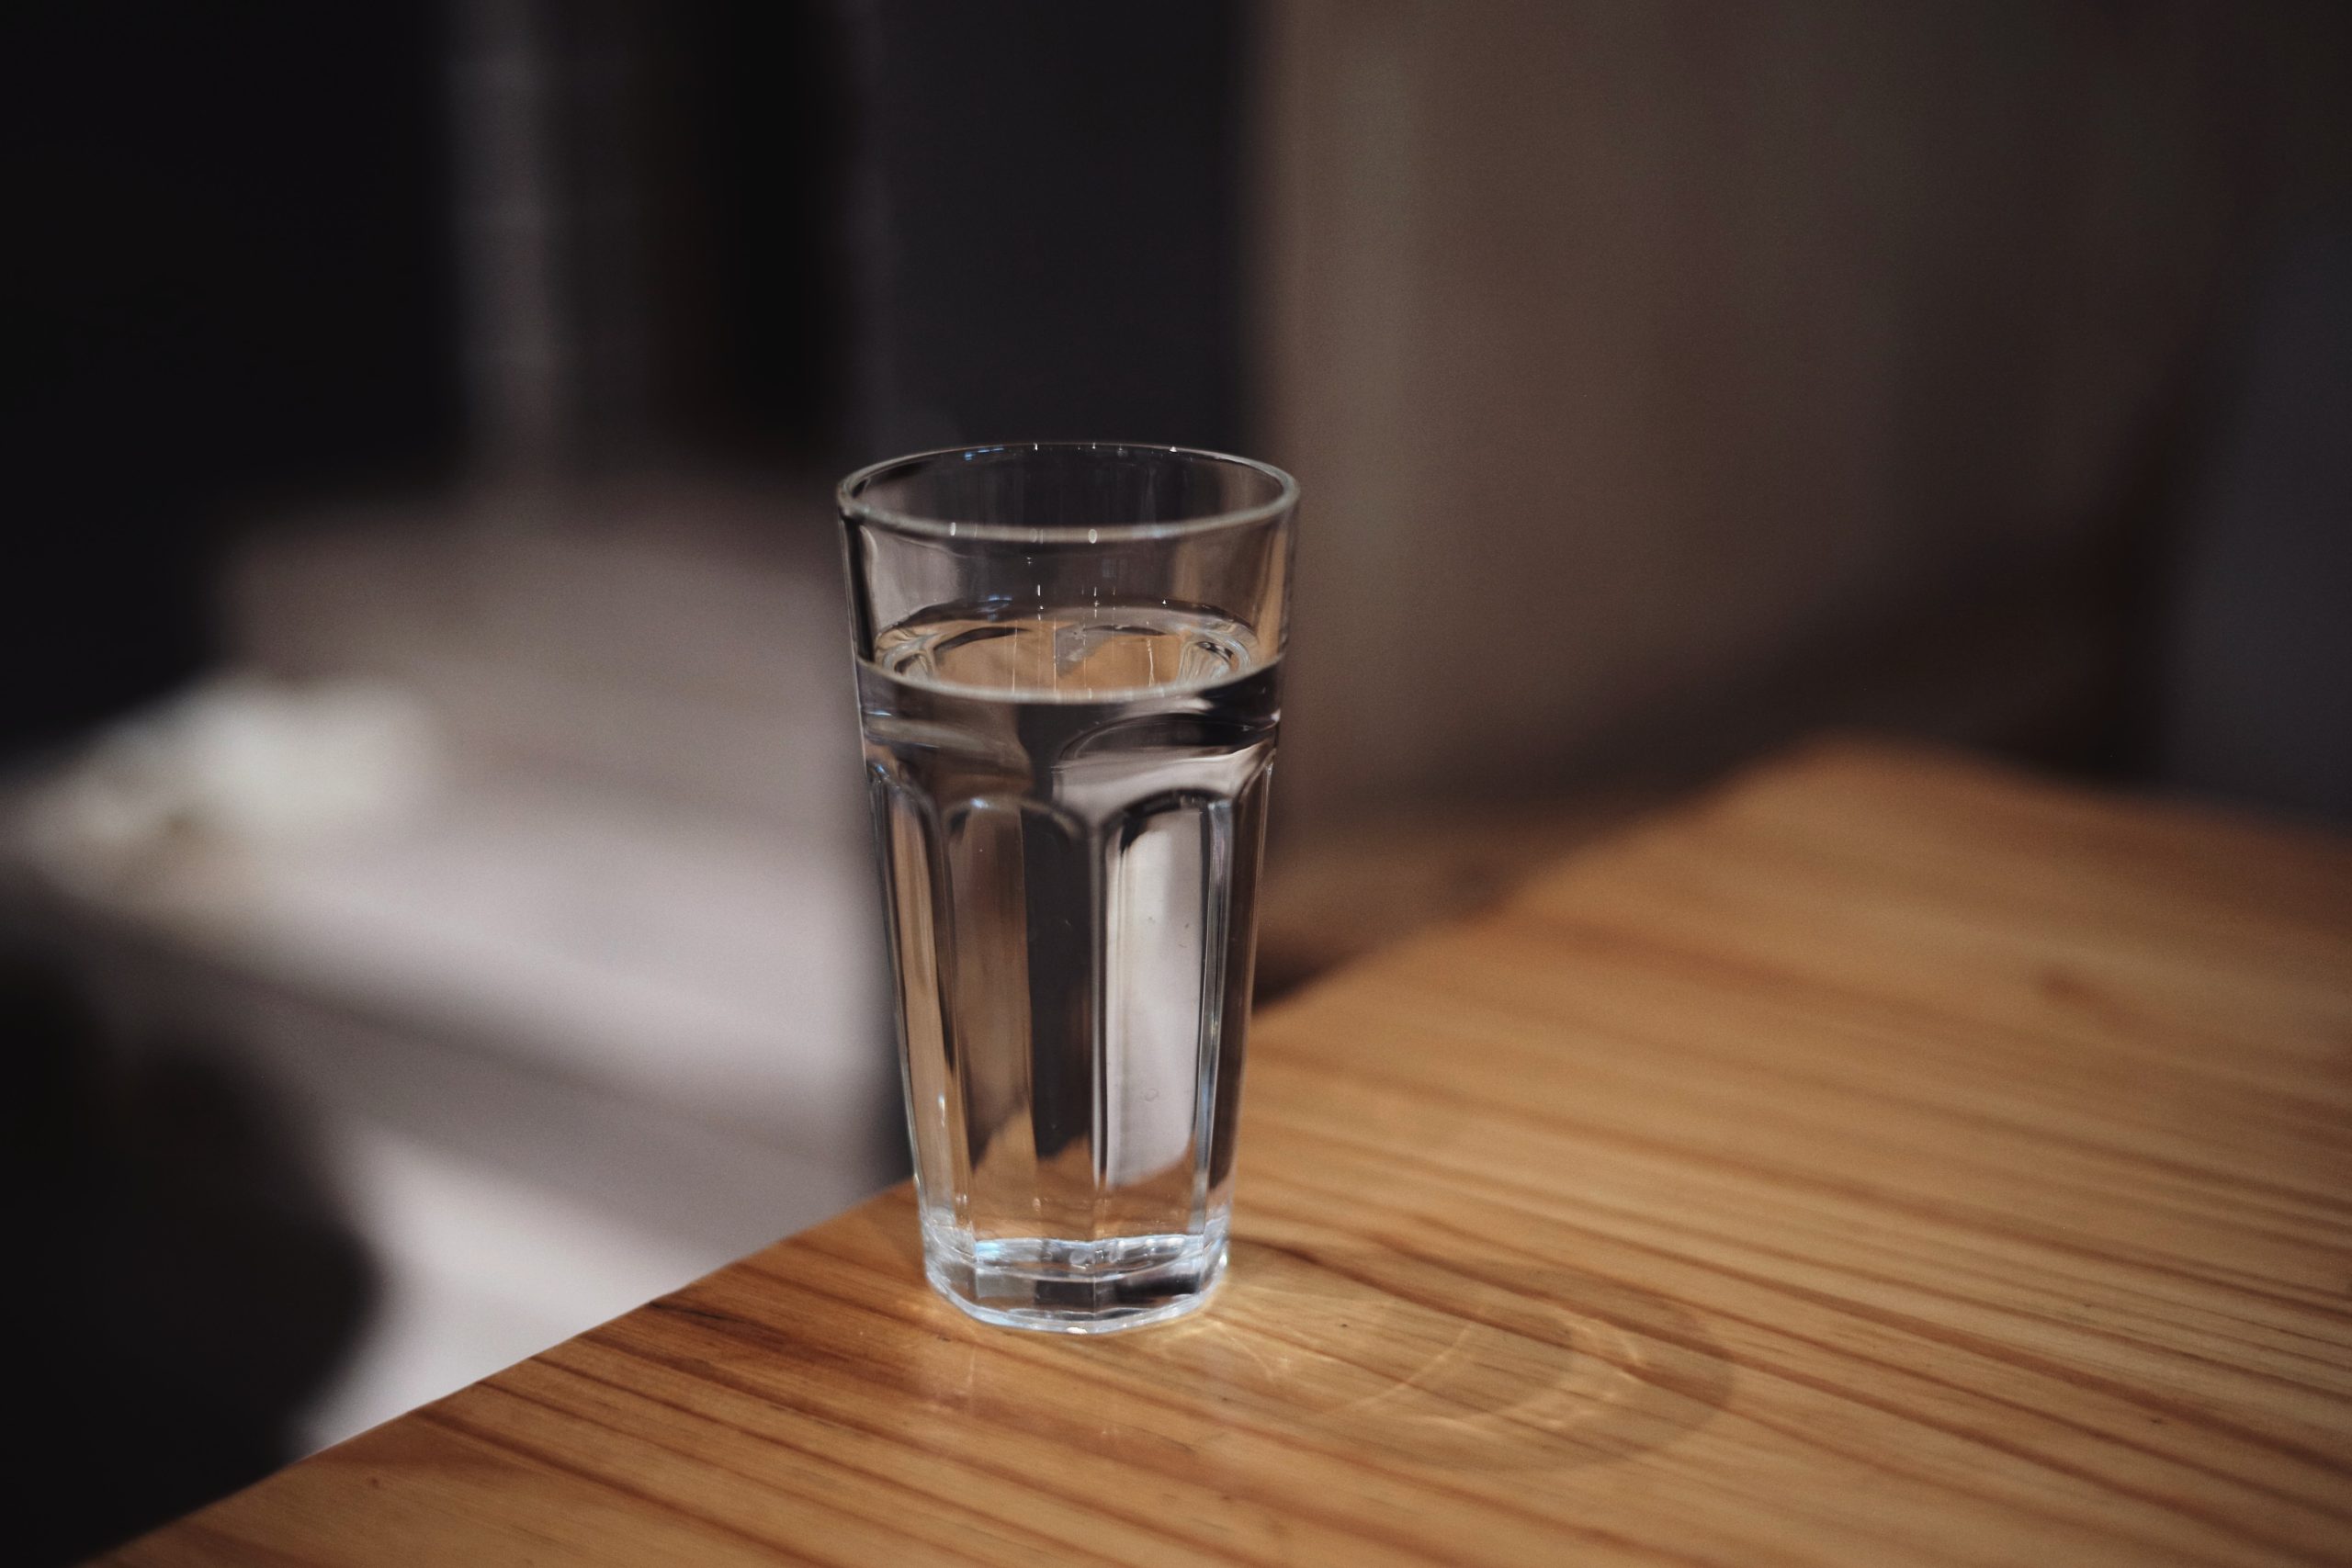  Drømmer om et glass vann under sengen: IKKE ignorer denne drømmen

■ ■ ■ ■ ■

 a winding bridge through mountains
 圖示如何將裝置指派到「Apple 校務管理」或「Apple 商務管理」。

■ ■ ■ ■ ■

§ WHAT THE TASK ASKS
When the line with "a winding bridge through mountains" is reached in the data above, begin copying, and stop after the line with "圖示如何將裝置指派到「Apple 校務管理」或「Apple 商務管理」。"; copy each line exactly, both ends included.

§ FINISHED EXERCISE
 a winding bridge through mountains
 圖示如何將裝置指派到「Apple 校務管理」或「Apple 商務管理」。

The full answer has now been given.